А теперь первое – история нужна для поиска смысла. Плыть в дерьме бессмысленности никому неохота. Всем хочется знать – а на хрена? На хрена столько крови и жертв – и все впустую, все жертвы напрасные и почти всегда безвинные? Ведь не может же быть так, чтоб все это: просто так – фуфло исторического процесса, напрасная трата человеческого материала и времени. Мы тщимся и из кожи вон понять хотим, что же мы такое делаем и зачем? Потому что всякий честный человек понимает, что никаких исторических личностей нет, в том смысле, что никто никогда не действует в расчете на историю, даже самые маниакальные наполеоны, стоящие в позе гениев истории реально поступают и сообразуются не с ней, а со своими микроскопическими, сиюминутными целюшечками и притязаньицами. Наполеоны лишь равняются на других наполеонов и потому им кажется, что раз предыдущие наполеоны – исторически заметные микробы, то и они могут стать такими же или даже еще больше, в размер бациллы.
– Как же можно увидеть смысл истории, если нет исторических действий, действий, сомасштабных истории?
– Так ведь смысл ловится и улавливается не в действиях, а в рефлексии их, а рефлексия безразмерна и потому может вмещать в себя гораздо больше содержания, чем одна отдельно взятая жизнь.
– Хорошо. Дальше!
– История – это всегда поиски будущего.
– Не понял.
– Вот мы, например, не знаем, чем, как и когда кончится чеченская война, которая идет уже более двухсот лет. Дольше тянулась только Иудейская война. Она кончилась тем, что Рим пал, иудеи оказались в рассеянии, а Европу заполнили христиане и варвары. История уже дала нам свою версию окончания Чеченской войны, независимо от того, сколько раз ее будут заканчивать многочисленные российские президенты.
– Теперь понял.
– Ни черта ты не понял. Это ж я только пример дал. Самые светлые и яркие, самые невероятные и фантастические картины будущего – это самые отдаленные от нашего настоящего и самые забытые нами мифы древности. История, раскапывая и находя их, освобождает нас от далеких прежних заблуждений. Будущее – это не то, что было или будет, будущее – это то, чего не было, нет и не будет. Будущее настает таким, каким его никто не ждал и не предполагал. Творя этот мир, Бог использует детективный жанр. История же нам показывает, чего не следует опасаться в наших онтологических предположениях относительно будущего, она говорит нам о том, чего уже не будет никогда. Исторические невежды всегда ждут чего-то сбывшегося, а потому несбыточного.

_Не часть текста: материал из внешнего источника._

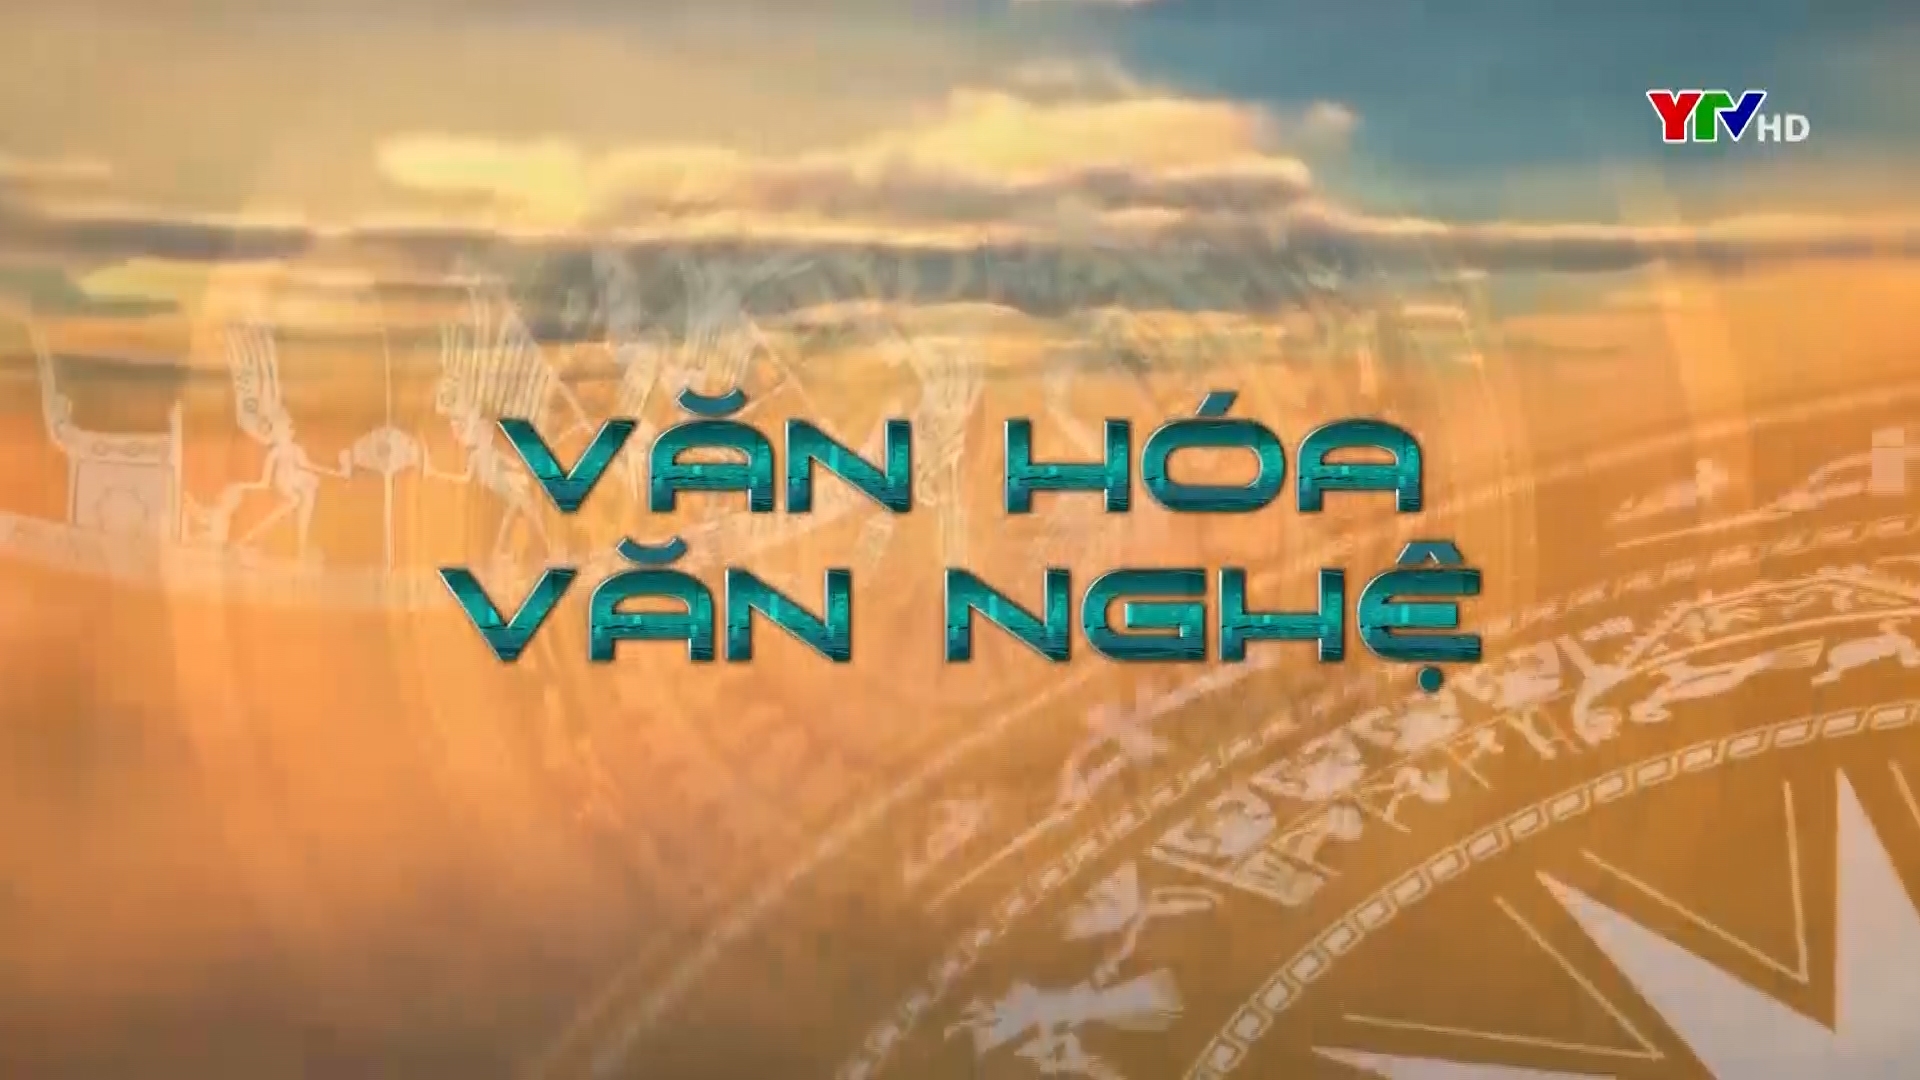 VHVN trên YTV góp phần quảng bá hình ảnh quê hương Yên Bái

– Хорошо, я понял, что все это не так просто, как кажется.
– Да оно еще проще, чем кажется. Потребность в истории и историческом анализе возникает из-за недостатка теоретических обоснований. Это, кажется, еще Вебер утверждал. Если бы у нас был такой же теоретический уровень в социологии, как в физике, биологии, химии и других естественных науках, мы бы спокойно обходились бы без истории. Более того, если бы у нас были более или менее приличные гносеологические, когнитивные и, говоря вообще, гуманитарные теории, нам не нужна была бы и история науки. Но, слава Богу, таких теорий нет и не будет, а поэтому мы ловим редкое удовольствие от занятий историей.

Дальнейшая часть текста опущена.